BEGIN EXERCISE DATA

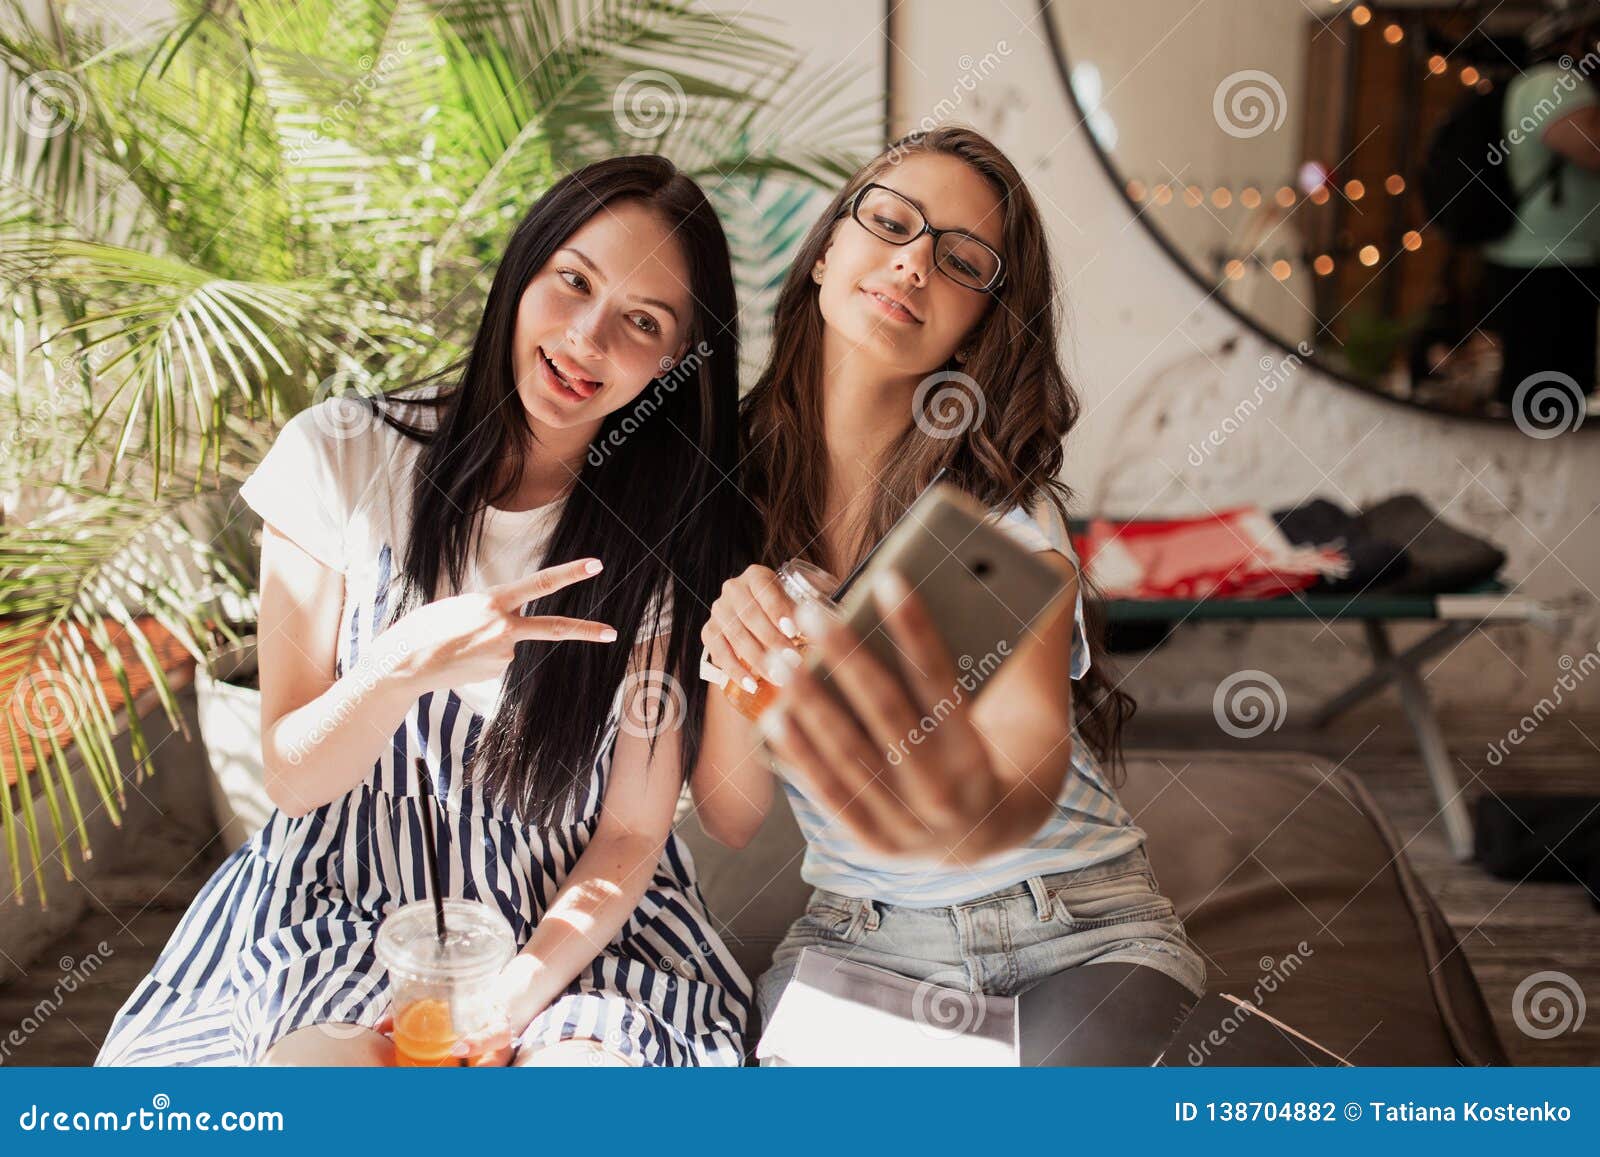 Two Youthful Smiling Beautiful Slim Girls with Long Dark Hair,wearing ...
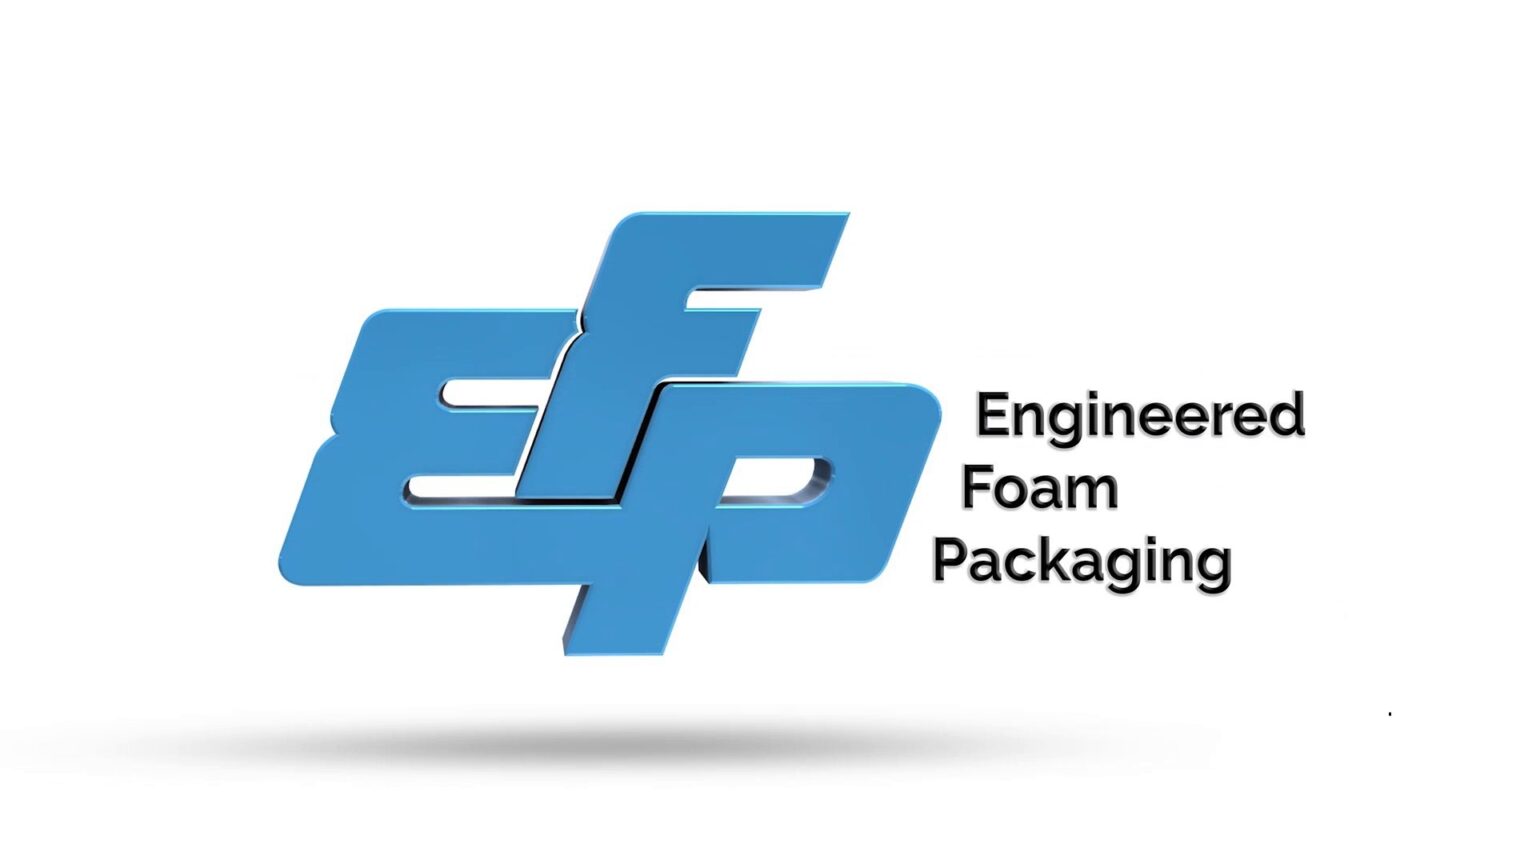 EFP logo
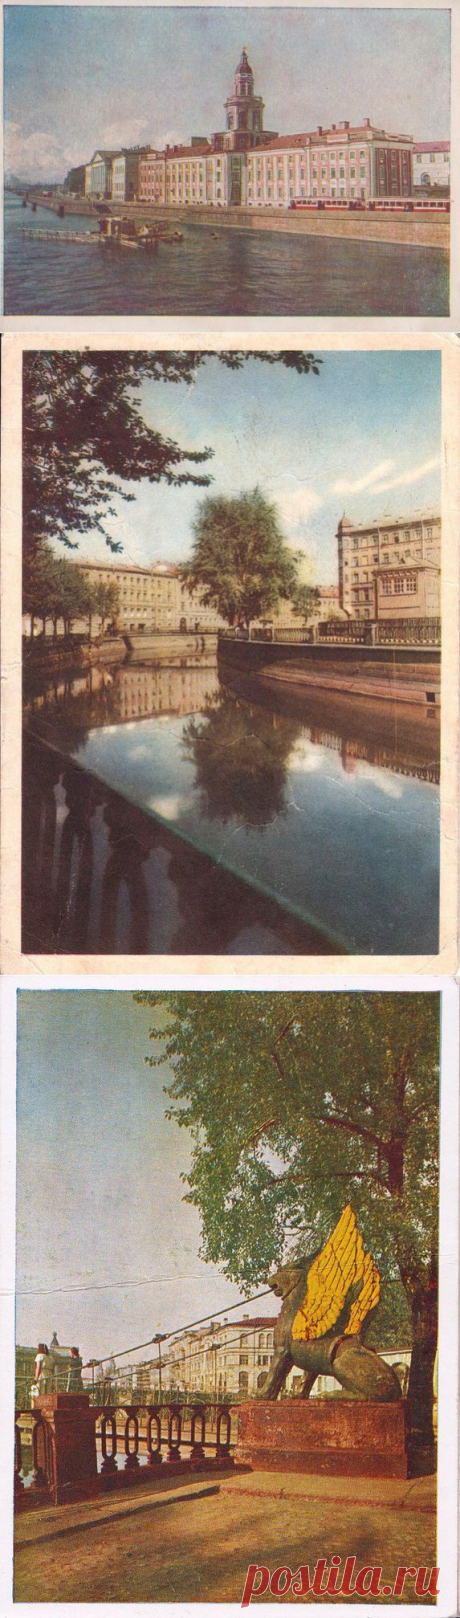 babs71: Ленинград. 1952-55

END EXERCISE DATA

**HOW TO COMPLETE THIS TASK:**
In your reply, every line of the material should appear exactly as written, and no picture should.

**RESULT OF THE TASK:**
 Two Youthful Smiling Beautiful Slim Girls with Long Dark Hair,wearing ...
 EFP logo
 babs71: Ленинград. 1952-55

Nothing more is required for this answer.